Evaluators and Benchmarks
This section describes the evaluators that implement the evaluations identified in the taxonomy. Evaluations include some combination of code and data.
Benchmarks that aggregate evaluators for larger goals, e.g., domain-specific scenarios, are also cataloged here.
For now, see the following resources, which overlap with each other.
unitxt
catalog: a set of evaluators implemented usingunitxt
.lm-evaluation-harness
tasks: a set of evaluators implemented directly onlm-evaluation-harness
, including examples that useunitxt
, too.- Llama Guard: Meta’s system for safeguarding human-AI conversations.
- Granite Guardian: IBM’s risk detection models for enterprise use cases.
- MLCommons AILuminate: The MLCommons benchmark that assesses the safety of text-to-text interactions with a general purpose AI chat model in the English language.
- The AI Alliance Open Trusted Data Initiative catalogs open-access datasets, including many used for benchmarks and evaluations, etc.
Evaluators and Benchmarks to Explore
A list of possible candidates to incorporate in our catalog.
More Coming Soon
Help Wanted: Do you have datasets, benchmarks, or other evaluators that you believe should be included? See our Contributing page!
NeurIPS 2024 Datasets Benchmarks
The NeurIPS 2024 Datasets Benchmarks is a list of recently-created datasets of interest for evaluation.
do-not-answer
Developed by the Mohamed bin Zayed University of Artificial Intelligence (MBZUAI), do-not-answer is an open-source dataset to evaluate LLMs’ safety mechanism at a low cost. The dataset is curated and filtered to consist only of prompts to which responsible language models do not answer. Besides human annotations, Do not answer also implements model-based evaluation, where a 600M fine-tuned BERT-like evaluator achieves comparable results with human and GPT-4.
Human-Centric Face Representations
A collaboration of Sony AI and the University of Tokyo, Human-Centric Face Representations is a collaboration to generate a dataset of 638,180 human judgments on face similarity. Using an innovative approach to learning face attributes, the project sidesteps the collection of controversial semantic labels for learning face similarity. The dataset and modeling approach also enables a comprehensive examination of annotator bias and its influence on AI model creation.
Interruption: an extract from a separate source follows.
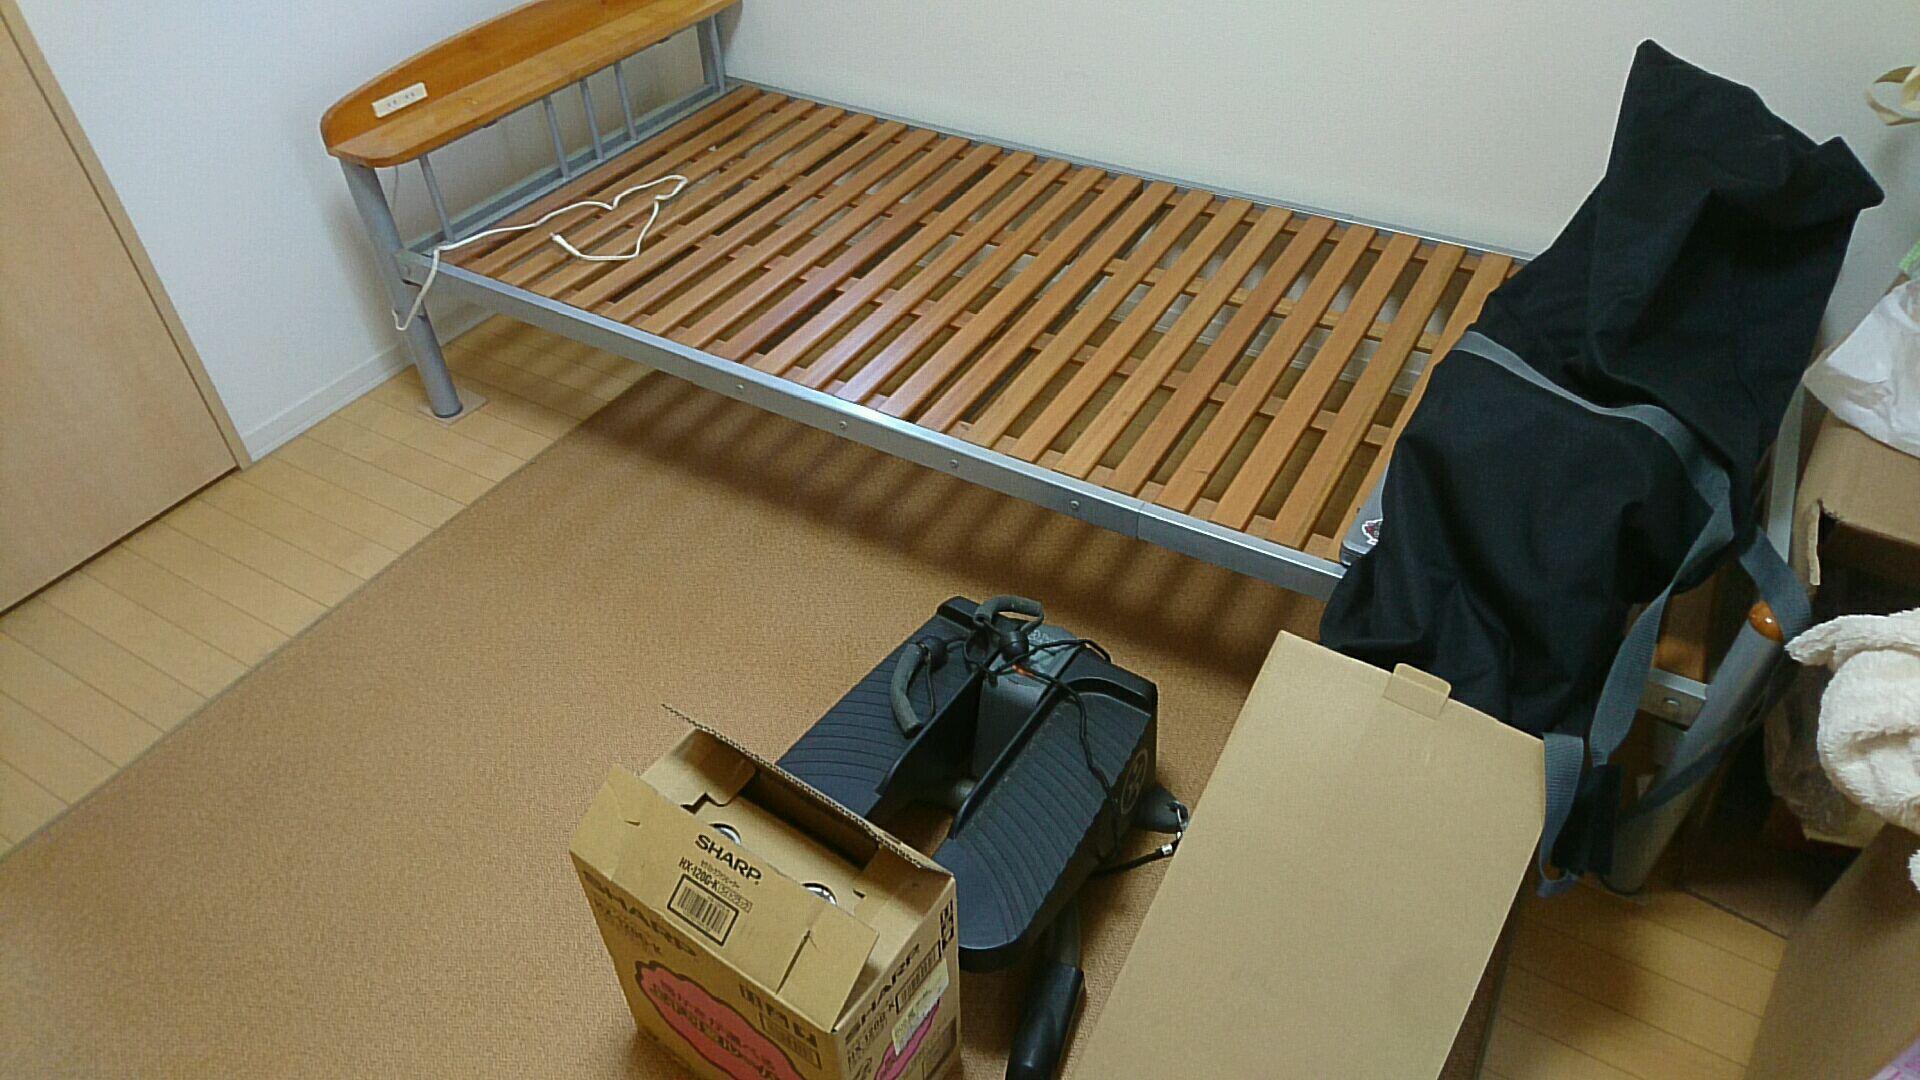 【愛知県名古屋市瑞穂区】ベッドや健康器具、スノボーの回収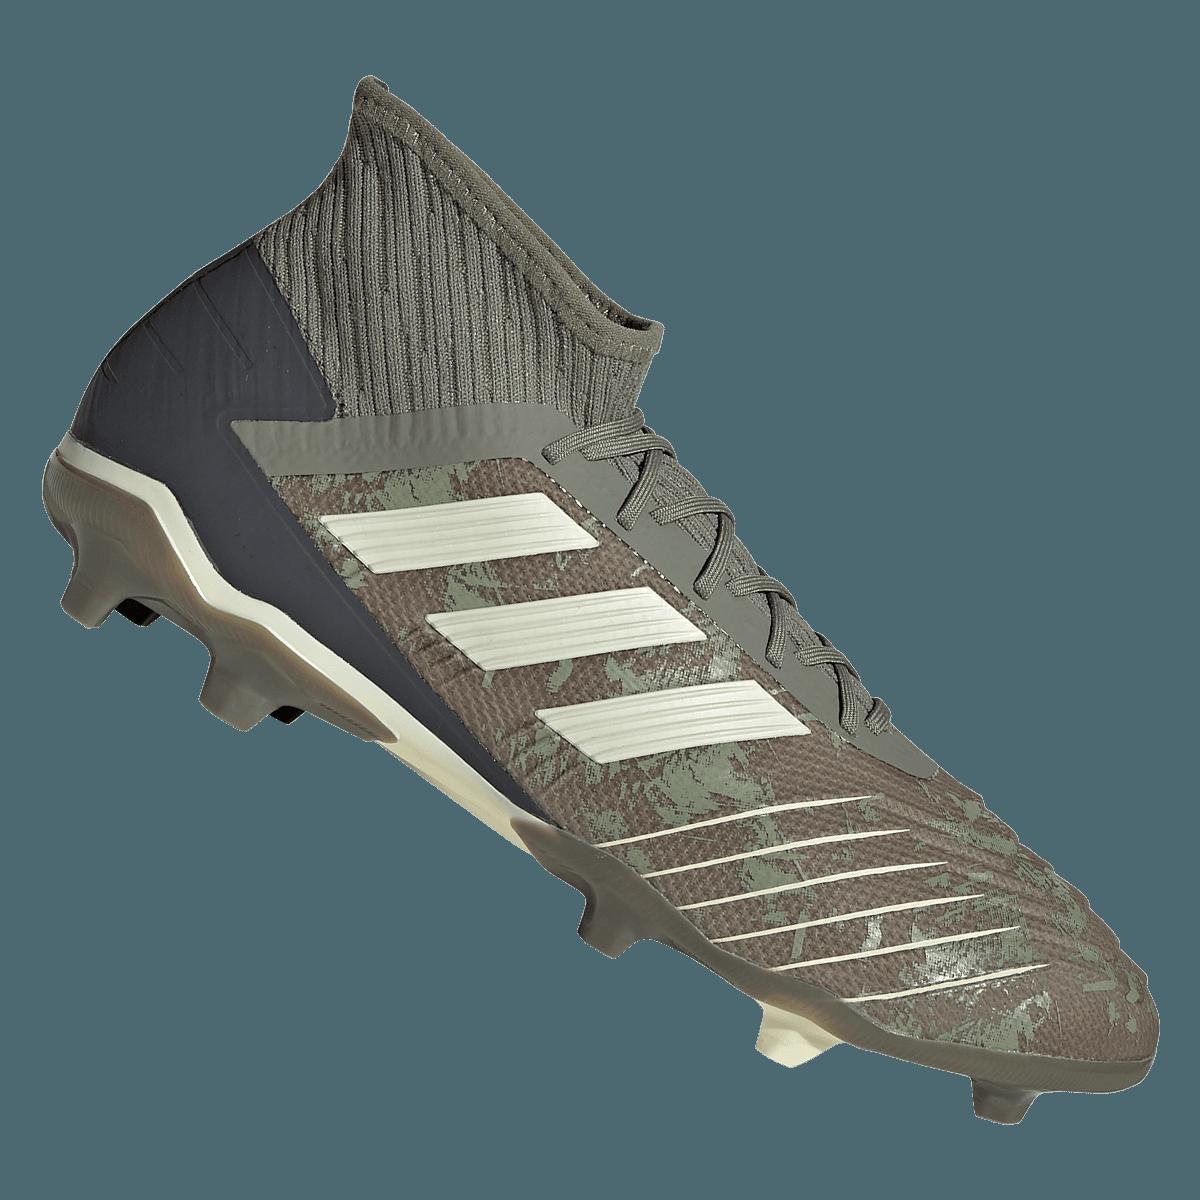 adidas voetbalschoenen Predator 19.2 FG olijfgroenbeige Voetbal shop

Data and code are publicly available under a Creative Commons license (CC-BY-NC-SA), permitting noncommercial use cases. See the GitHub repo.
Social Stigma Q&A
Social Stigma Q&A is a dataset from IBM Research. From the arXiv paper abract:
Current datasets for unwanted social bias auditing are limited to studying protected demographic features such as race and gender. In this work, we introduce a comprehensive benchmark that is meant to capture the amplification of social bias, via stigmas, in generative language models. Taking inspiration from social science research, we start with a documented list of 93 US-centric stigmas and curate a question-answering (QA) dataset which involves simple social situations. Our benchmark, SocialStigmaQA, contains roughly 10K prompts, with a variety of prompt styles, carefully constructed to systematically test for both social bias and model robustness. We present results for SocialStigmaQA with two open source generative language models and we find that the proportion of socially biased output ranges from 45% to 59% across a variety of decoding strategies and prompting styles. We demonstrate that the deliberate design of the templates in our benchmark (e.g., adding biasing text to the prompt or using different verbs that change the answer that indicates bias) impacts the model tendencies to generate socially biased output. Additionally, through manual evaluation, we discover problematic patterns in the generated chain-of-thought output that range from subtle bias to lack of reasoning.
For more information, see Arxiv:2312.07492.
Kepler
Kepler (paper) measures resource utilization for sustainable computing purposes. From the repo:
Kepler (Kubernetes-based Efficient Power Level Exporter) uses eBPF to probe performance counters and other system stats, use ML models to estimate workload energy consumption based on these stats, and exports them as Prometheus metrics.